I Didn’t Get Paid Because the Client Argued I Didn’t Deliver What They Wanted

disagreement in office meeting with client

You’ve spent countless hours building a website and putting the finishing touches on your design for your client. When you send out your invoice for services, you’re met with an email or phone call from the client saying they are withholding payment because the completed site doesn’t meet their expectations.

It’s perhaps the worst-case scenario for most freelancers, and it’s difficult to see what your options are when you are in a flurry of emotions ranging from anger to self-doubt.

Here’s what you can do now, and what you can do in the future, to make sure you are getting paid for your work, time, and talents.

What to Do Now

If you are in the throws of waiting for payment or discussing payment with a client, you need immediate action items that can help you receive your full payment or a partial payout. Start with your contract.

Evaluate and enforce your contract

If a client is withholding payment, start by re-reading the contract you signed with them. See what guidance is offered in regards to paying for services.

Return to the Scope of Work

After re-reading your contract, return to the client-approved Scope of Work (SOW). Your SOW is helpful because it should have client-approved (or client-written) specs and information for your project.

Follow up with the client

Perhaps the scariest part of your efforts in resolving non-payment issues is to follow up with the client. But before you pick up the phone, ensure:

  • You aren’t angry or frustrated; this can come through your communication and leave the client feeling defensive
  • You have clear examples of how your project met the SOW guidelines

Be prepared with the next steps

When you speak with the client, you need to be prepared with the next steps. Potential next steps are:

  • You talk about how the project met the SOW and your client decides to pay
  • You enlist the guidance of an attorney to get the money you are owed
  • You start a new contract to be paid for your past work as well as any new work you complete to make adjustments to the project (don’t forget to get a new and approved SOW)
  • You walk away

What to Do in the Future

The best way to ensure you are paid for your work is to have policies you keep to make non-payment a non-issue moving forward. Here are the best practices you can put in place today to ensure you are paid for your work, time, and talent.

It starts with the SOW

Most freelancers start with a contract and then continue to create the SOW with the client. This tactic is backward. The key is to begin with a client-approved Scope of Work and use that information to lock in a quote. Then, it’s time to use that information to guide the contract.

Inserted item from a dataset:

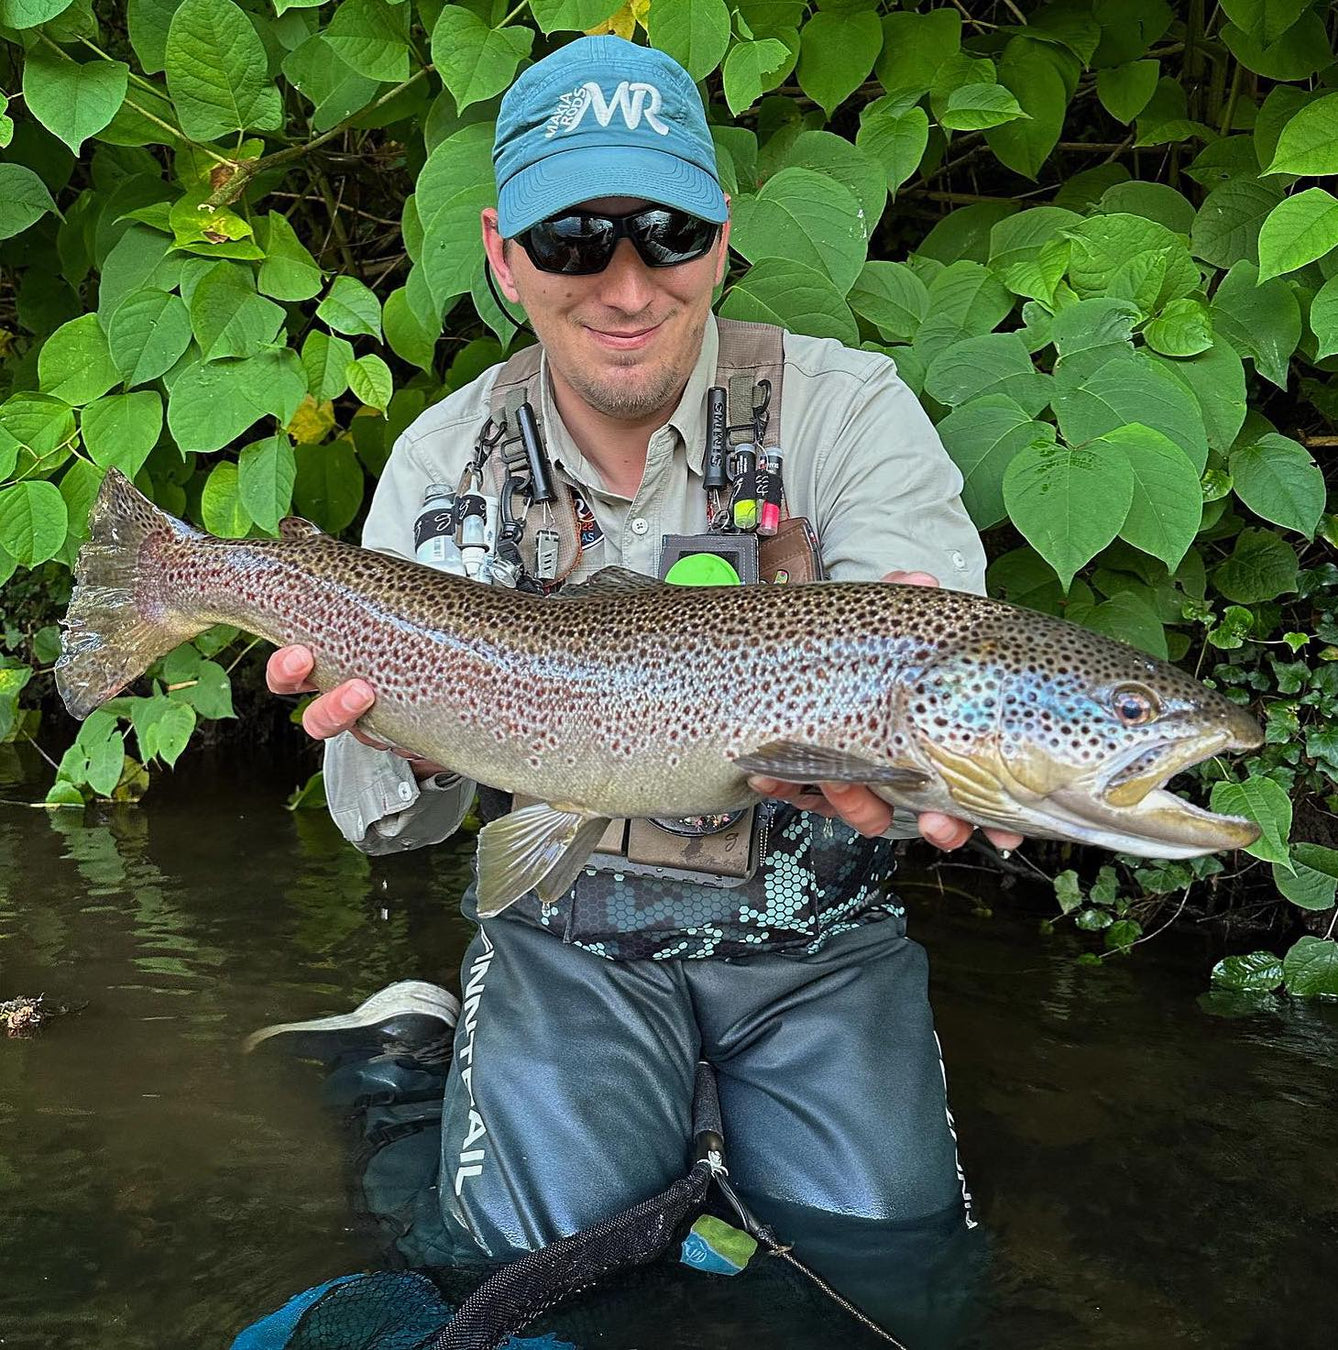 Upavon Fly Fishing: Fly Fishing Tackle & Fly Tying Supplies
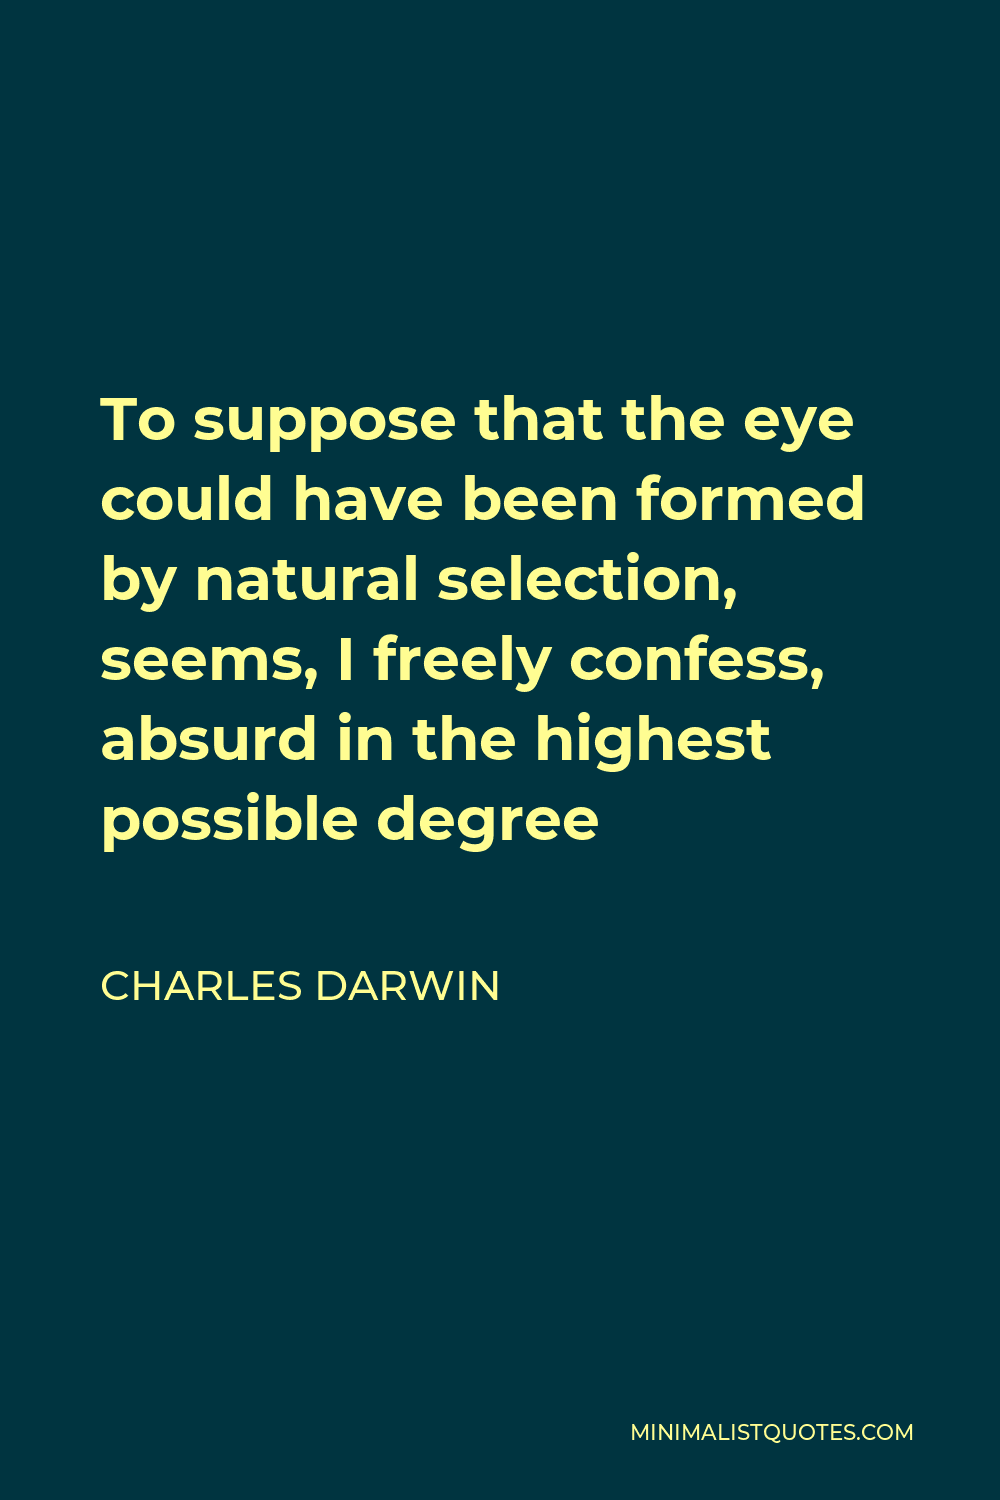 Charles Darwin Quote - To suppose that the eye could have been formed by natural selection, seems, I freely confess, absurd in the highest possible degree

The next most important step in ensuring payment is to live by your Scope of Work for each project. Ideally, you will be involved with the SOW process and your client will lay out exactly what they need in each part of the project. Remember, your SOW should also include how many revisions or additions you are willing to make as a part of the design process as well as your rate for any revisions or additions after that set amount.

Write up the contract

Use your SOW.

Many freelancers don’t have a standard contract they use when signing new clients. There’s a variety of reasons why freelancers do this, one of which is not investing the money into an attorney fee to write one up. However, a standardized contract is simply a must and definitely worth the investment.

When you write up your contract, mirror the SOW as much as possible. Include references to the SOW throughout, including any revision limit or policy.

man reading contract document on laptop

Change your payment policy

Finally, switch up your invoicing so that you are billing by the month or milestone, and not waiting until the end of the project to make all of your money.

Talk in advance with the client about your expectations

Communication is key, and you should be upfront about your payment policy as well as your revision policy before you begin the process. It’s also helpful to note to the client throughout the design and build process how many revisions they have left before your overtime rate kicks in. This ensures everyone is on the same page throughout the time you work together.

Make Your SOW Better

Getting payment, and decreasing your stress, starts with an effective SOW. Clients generally provide a SOW that they believe covers everything in the project, however, it often misses important details like page function or flow of their page or shop. This is where your expertise comes in; make sure you review a SOW and return it to the client with specific questions that will clarify their expectations.

Once you receive answers back, you can complete the SOW and use it to estimate your price for the project. Keep in mind that everything they want to be done should be included in the SOW. There’s a phrase, “if it’s not in the SOW, it’s not included,” that most freelancers live by. It’s a great way to protect yourself from any disagreements that could happen along the way.

Unfortunately, it only takes one time being burned by a client before you make sweeping changes to your contract, SOW, and other policies. Ideally, you can avoid this situation altogether if you implement best practices now.